Trần Thùy Chi (born 4 May 1990), better known by her stage name as Thùy Chi, is a Vietnamese singer. She won the audience prize in the annual songwriting awards Bai Hat Viet (Vietnamese Song) at the end of 2008, then started a successful solo career.

Thuy Chi was born in 1990 in Hai Duong, Vietnam. Both of her parents work in showbiz or artistic endeavor in Hai Duong. When she was smaller Thuy Chi exposed her talents for music and later on, her family introduced her to the piano ever since she was six. Beyond nine years old, she began to travel to Ha Noi to study piano at the National Academy of Music of Ha Noi. 

Although she achieve her fame due to her online hits, Thuy Chi always had the intention to become a piano instructor.
Thuy Chi began to obtain Vietnamese community's attention with the release of the track "Giac Mo Trua" (composed by Giang Son). Starting from 2005, she, with Minh Phuong singer, won the prize in the contest named "Tuoi Doi Menh Mong" hosted by VTVT3 channel.

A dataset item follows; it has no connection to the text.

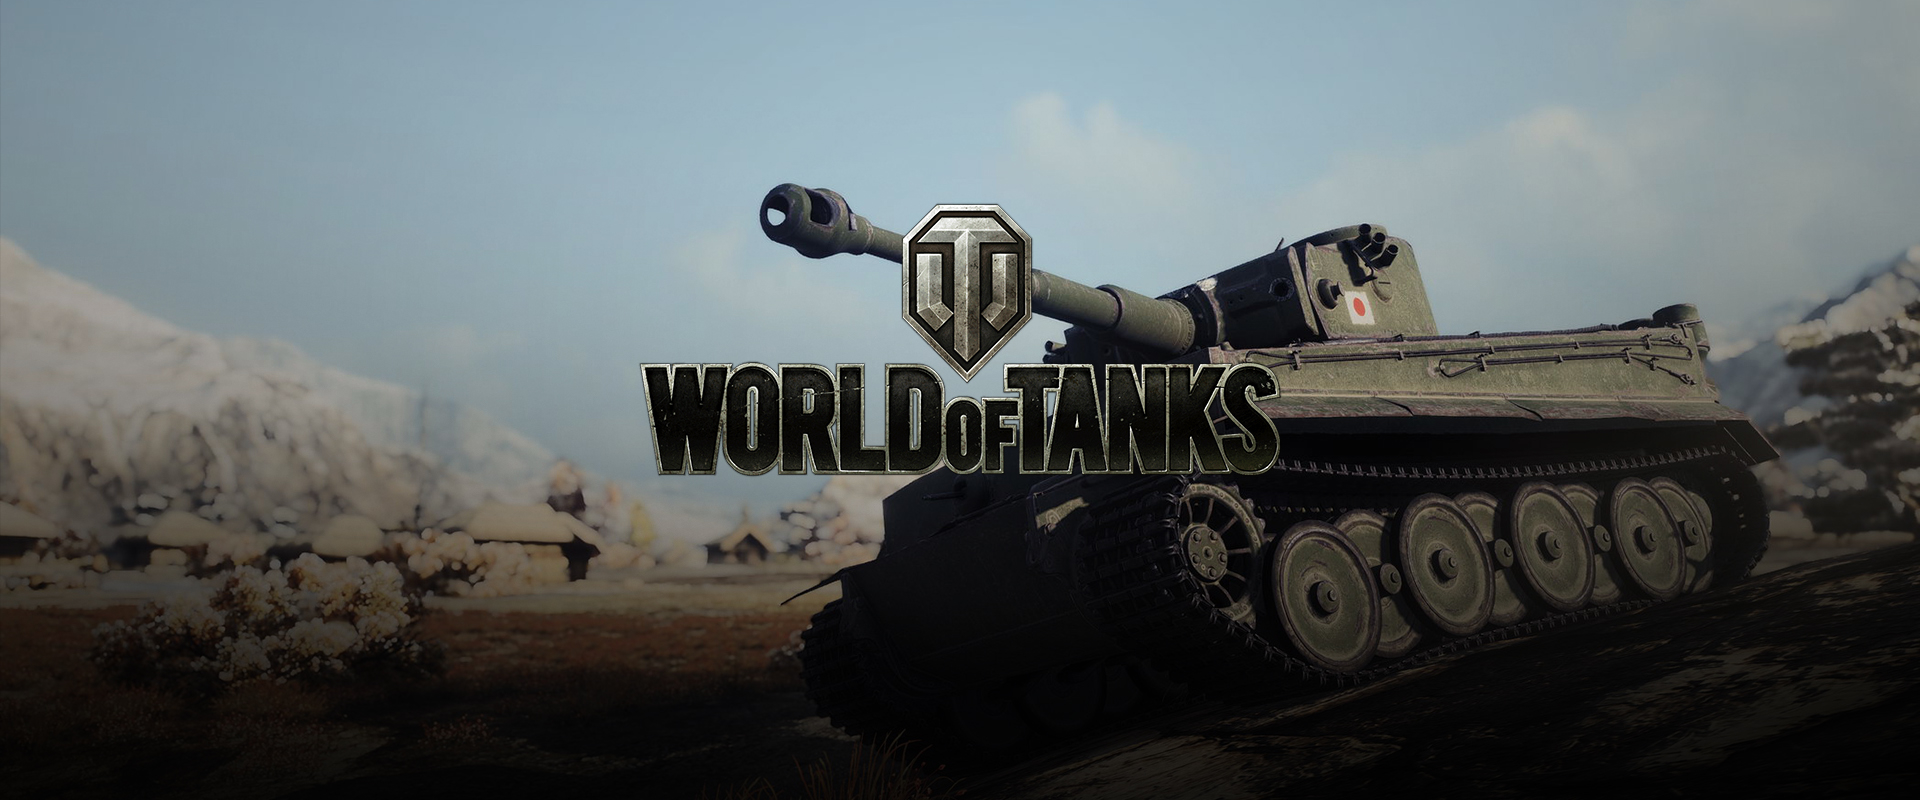 XP kihívás: Szerezd meg ingyen a Heavy Tank No. VI prémium tankot!

The musical band TSD Band created by Thuy Chi và Minh Phuong acquired the greatest prize in the contest for high school and college students alike across the country in 2005. Based on the cover of "Giac Mo Trua" from Khanh Linh, Thuy Chi was appointed as the clone of Khanh Linh.

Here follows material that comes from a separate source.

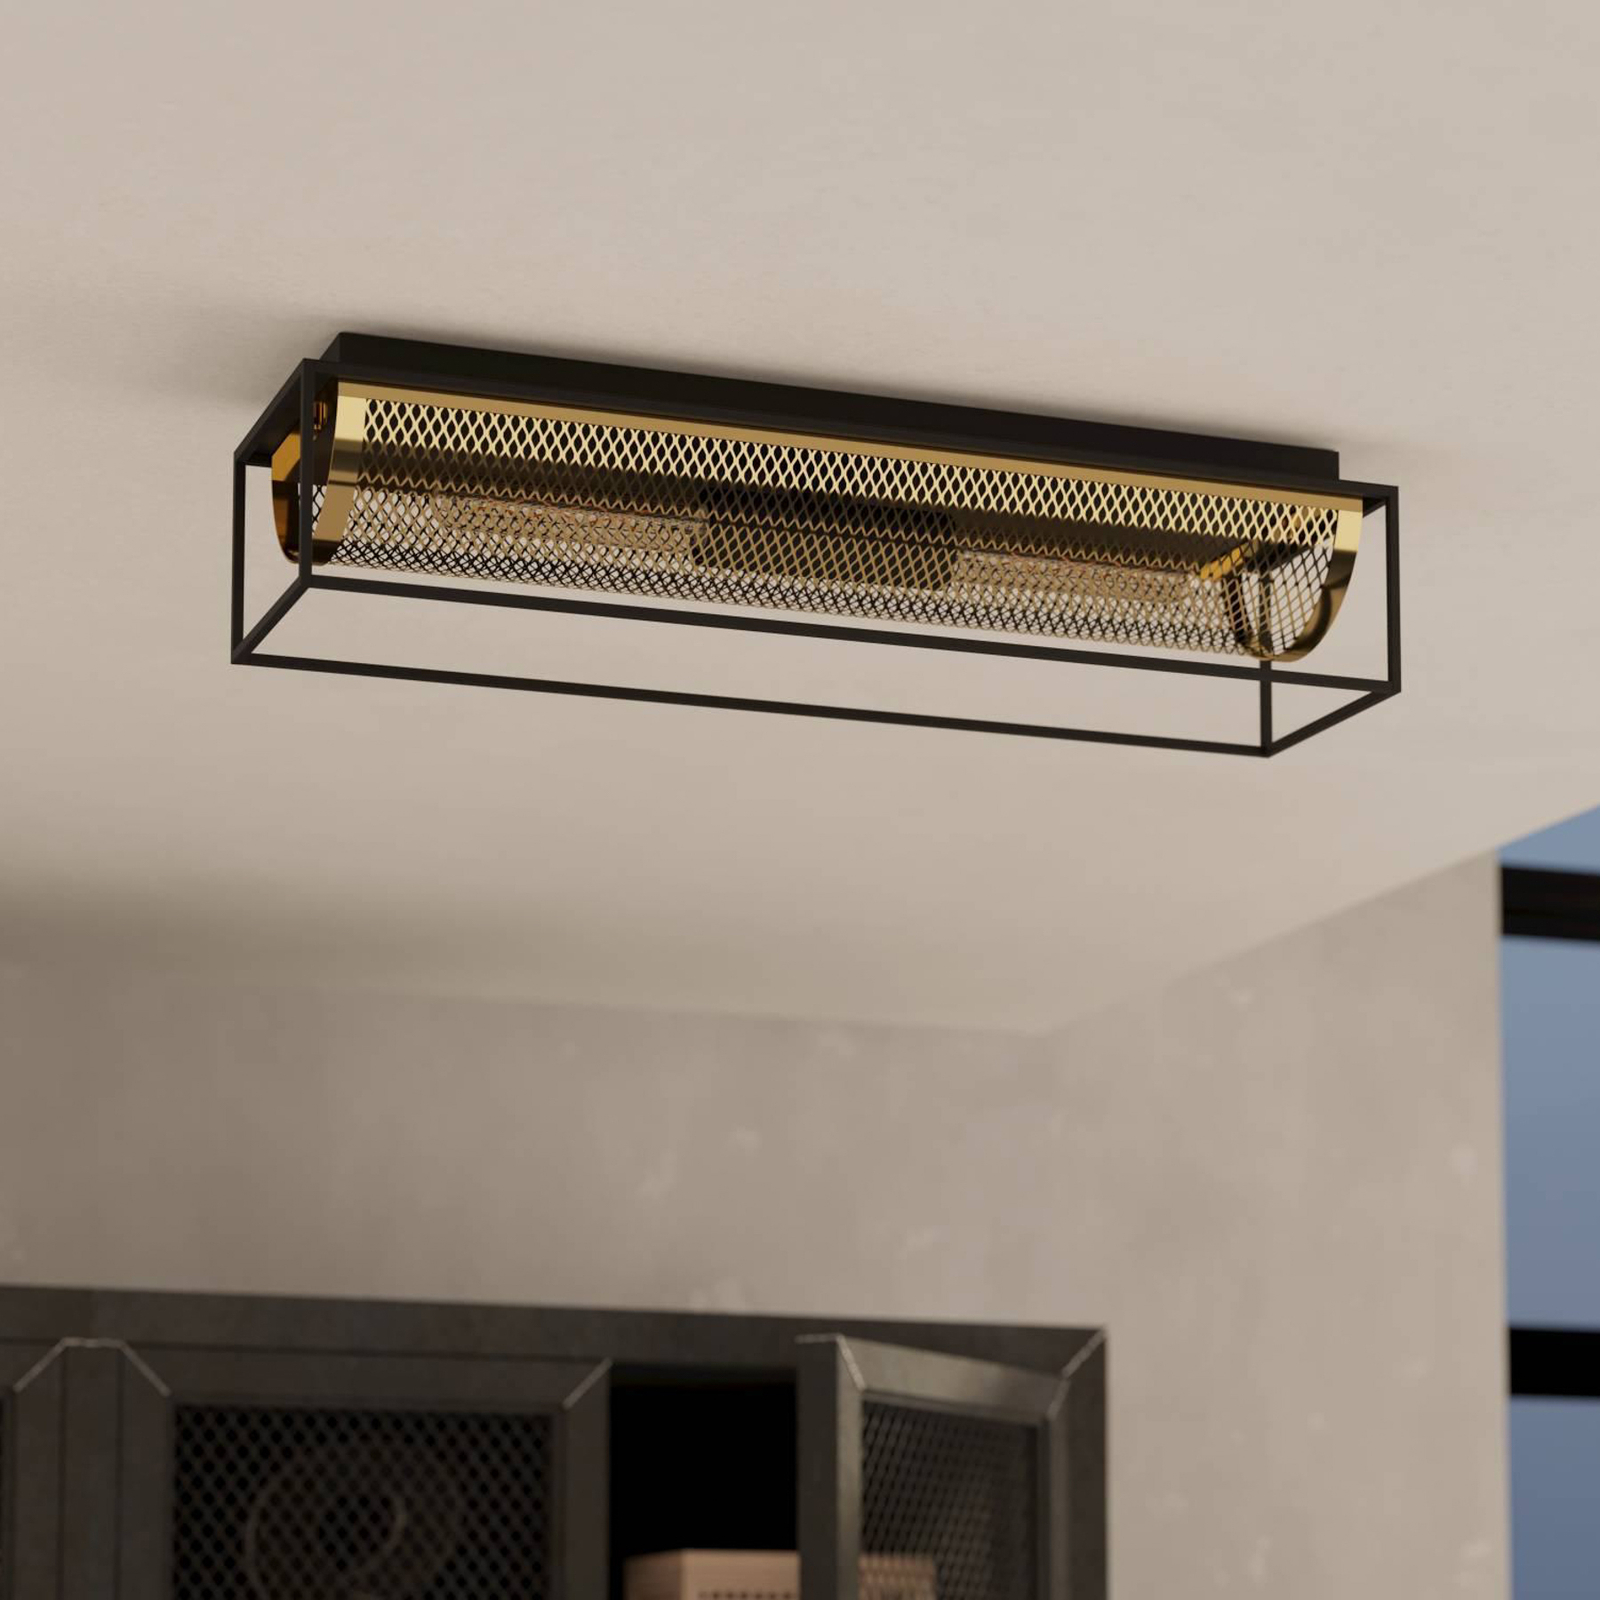 Nohales ceiling light, length 64 cm, black/brass, 2-bulb.

Thuy Chi reached her highest spot of fame when her songs were unofficially released on the internet. She had always been regarded as a singer with a powerful voice: she could hit the high note with much clarity yet retains certain sweetness in her singing. Online success helped Thuy Chi to attend at the even named "Bai Hat Viet" in 2005 organized by VTV4. Even though she became famous in showbiz and persuaded by her fans to continue her pursue the singing career but she regarded it as a personal interest and only wanted to follow her love for teaching the piano.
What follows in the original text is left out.